The timber rattlesnake can be found in the area of the original Thirteen Colonies. Like the bald eagle, part of its significance is that it was unique to the Americas, serving as a means of showing a separate identity from the Old World. Its use as a symbol of the American colonies can be traced back to the publications of Benjamin Franklin. In 1751, he made the first reference to the rattlesnake in a satirical commentary published in The Pennsylvania Gazette. It became the policy of the British Parliament to send convicted criminals to Britain's North American colonies (primarily the Province of Georgia), so Franklin suggested that Americans thank Parliament by sending rattlesnakes to Britain.

In 1754, during the French and Indian War, Franklin published JOIN, or DIE, a woodcut of a snake cut into eight sections. It represented the colonies, with New England joined as the head and South Carolina as the tail, following their order along the coast. This was the first political cartoon published in an American newspaper.

In 1774, Paul Revere added Franklin's iconic cartoon to the nameplate of Isaiah Thomas's paper, the Massachusetts Spy, depicted there as fighting a British griffin.

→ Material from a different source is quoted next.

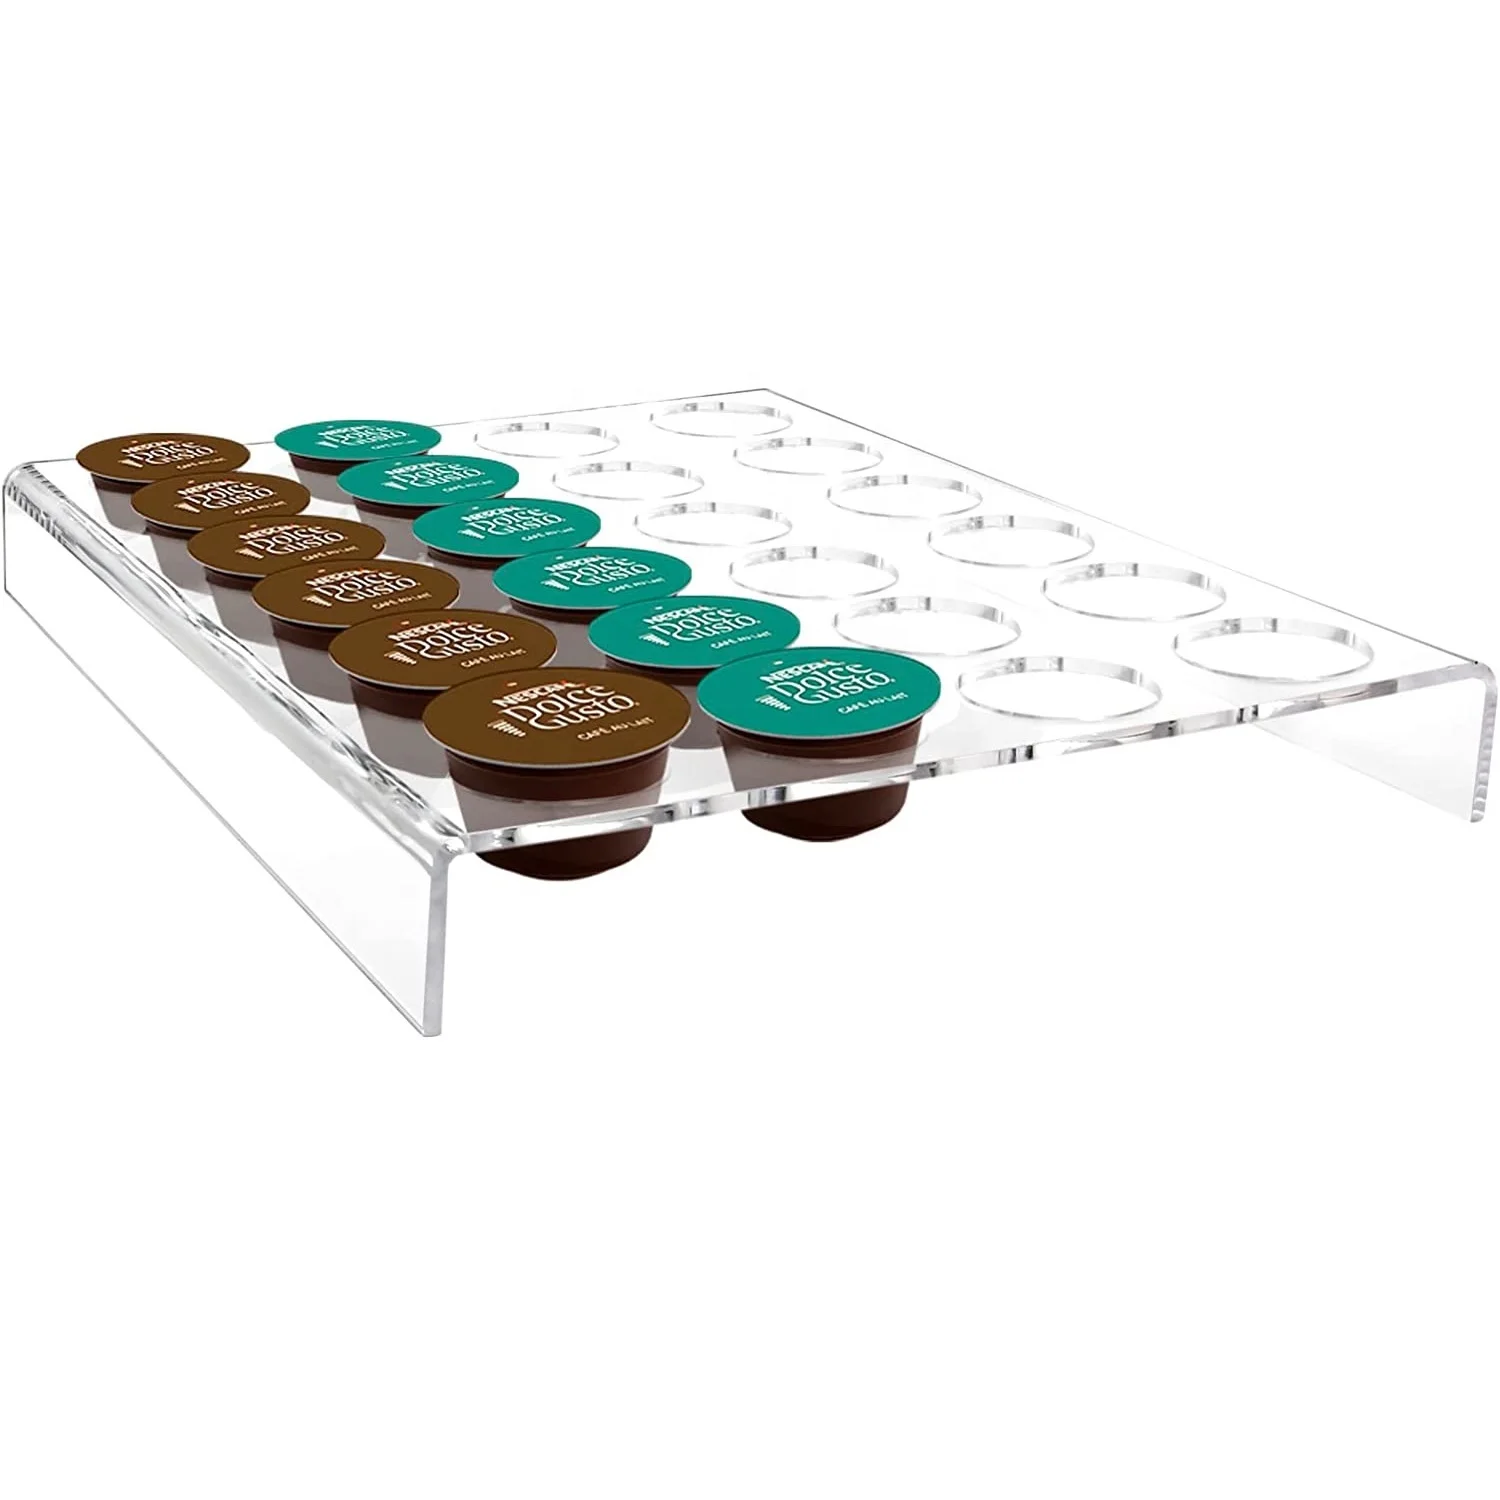 

Clear Acrylic Coffee Pod Holder Storage Tray for Capsule Drawer Insert Organizer Holds 24 Pods Drawer of Kitchen Home Office

In December 1775, Benjamin Franklin published an essay in the Pennsylvania Journal under the pseudonym "American Guesser" in which he suggested that the rattlesnake was a good symbol for the American spirit and its valuation for vigilance, assertiveness, individualism, unity, and liberty:[T]here was painted a Rattle-Snake, with this modest motto under it, "Don't tread on me." [...] she has no eye-lids. She may therefore be esteemed an emblem of vigilance. She never begins an attack, nor, when once engaged, ever surrenders [...] The Rattle-Snake is solitary, and associates with her kind only when it is necessary for their preservation [...] 'Tis curious and amazing to observe how distinct and independent of each other the rattles of this animal are, and yet how firmly they are united together, so as never to be separated but by breaking them to pieces. [...] The power of fascination attributed to her, by a generous construction, may be understood to mean, that those who consider the liberty and blessings which America affords, and once come over to her, never afterwards leave her, but spend their lives with her.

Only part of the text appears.